В первой половине 1930-х гг. также продолжалось разбазаривание скота. Согласно данным Колхозцентра за 1931 г., 7,4 % всех нападений на колхозы (что составило примерно 1 100 случаев) имели целью нанесение ущерба поголовью обобществленного скота101. Эти случаи являлись лишь вершиной айсберга, который власти именовали словом «саботаж» и к которому относились не только забой скота или его незаконная продажа, но также и недостаточный уход и халатное отношение.

Как и в 1929-1930 гг., существовала прямая зависимость между действиями властей и процессом разбазаривания. В период 1931-1932 гг. была проведена серия мероприятий по принудительному выкупу скота из сократившегося частного сектора, которая в 1931 г. сопровождалась новым витком кампании по дальнейшей социализации того небольшого поголовья, что еще оставалось в частном владении колхозников. Эти меры привели к новому всплеску разбазари

вания, напомнившему период 1929-1930 гг.102 Согласно советским источникам, в 1932 г. поголовье рабочего скота в колхозах уменьшилось на 16,8 %т. Этот процесс усугублялся массовым голодом, свирепствовавшим в селе. Людям не хватало еды, а животным - корма. В некоторых районах местное начальство в обход закона разрешало крестьянам забивать скот, чтобы прокормиться или продать его на рынке104. Так, по данным за декабрь 1932 г., во Владимирском районе Ивановской области было забито 85-90 % поголовья дойных коров105. Несмотря на то что в марте 1932 г. партия объявила о приостановке дальнейшей социализации скота, официальные источники продолжали сообщать, что кулак использует «продовольственные затруднения», чтобы оправдать преступное обращение со скотом106. В отчете, пришедшем в то время с Нижней Волги, отмечалось, что у 5 % населения, «конечно, бывает недостаток хлеба». Когда нарком земледелия Яковлев поинтересовался, почему лошадям недостает корма, работники колхоза ответили: «Что же лошади?
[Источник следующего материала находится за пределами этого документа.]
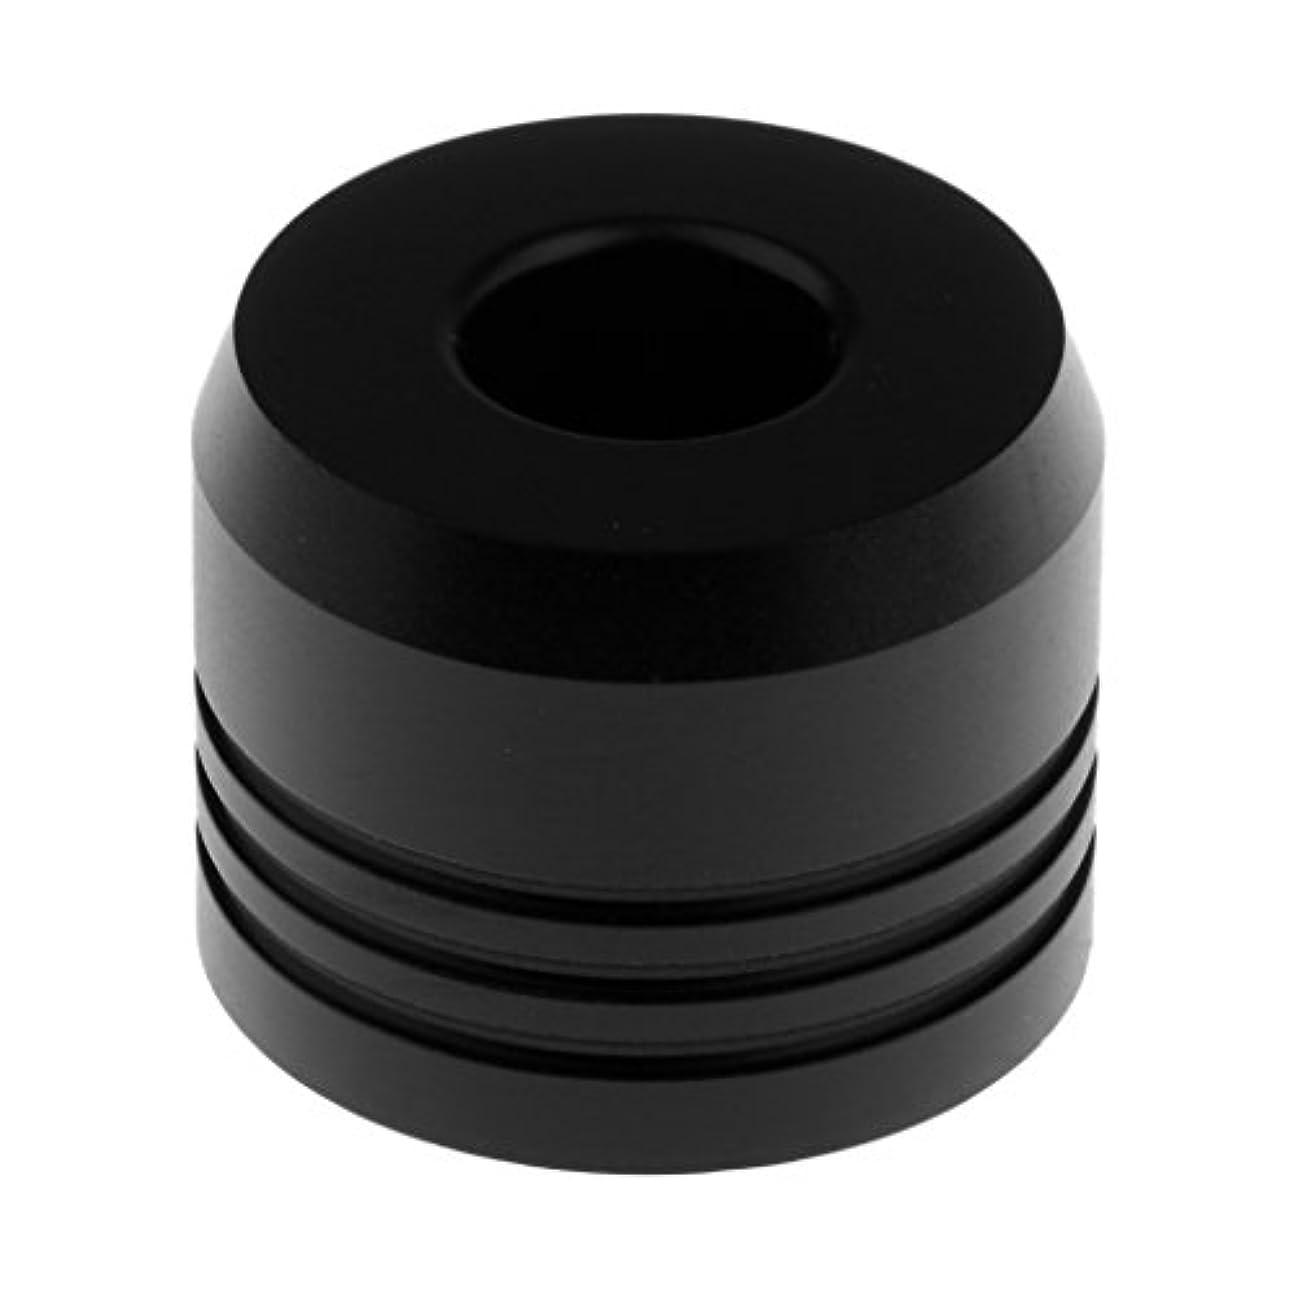 作りスポンジ仲間、同僚Perfk カミソリスタンド スタンド メンズ シェービング カミソリホルダー サポート 調節可 ベース 2色選べ   - ブラック

Мы сами кормимся плохо». Далее в отчете говорилось: «Когда вы ставите любой вопрос, кулак и подкулачник стараются затушевать его вопросами недорода, вопросами продовольствия»107.

Для правительства на первом месте были лошади, а не крестьяне, которые в этом отчете автоматически попадали в категорию «кулаков и подкулачников». Голод в деревне, по его мнению, был проявлением своекорыстных намерений, а главной проблемой представлялась нехватка корма. Власти обвиняли колхозников во всех возможных жестокостях, которые те якобы совершали, чтобы нанести вред поголовью колхозного скота, особенно лошадей. Регулярно сообщалось об обвинениях во вредительстве: крестьяне якобы кормили лошадей стеклом, гвоздями, отрезали им языки и попросту не ухаживали за ними. В одном из случаев, зафиксированном в колхозе «Буденный» Миллеровского района Северного Кавказа, за полгода сдохли 120 из имевшихся 450 лошадей. Узнав, помимо всего прочего, что в колхозную бригаду, отвечающую за содержание скота, входили представители местной интеллигенции, правительство выдвинуло обвинение в плохом управлении и саботаже108. По всей вероятности, подобные обвинения, даже больше, чем в случаях порчи машинного оборудования, имели целью найти козла отпущения в лице работников колхозов, на которых можно было возложить ответственность за практически неизбежные проблемы с разведением скота, возникавшие в период голода и тотального обобществления.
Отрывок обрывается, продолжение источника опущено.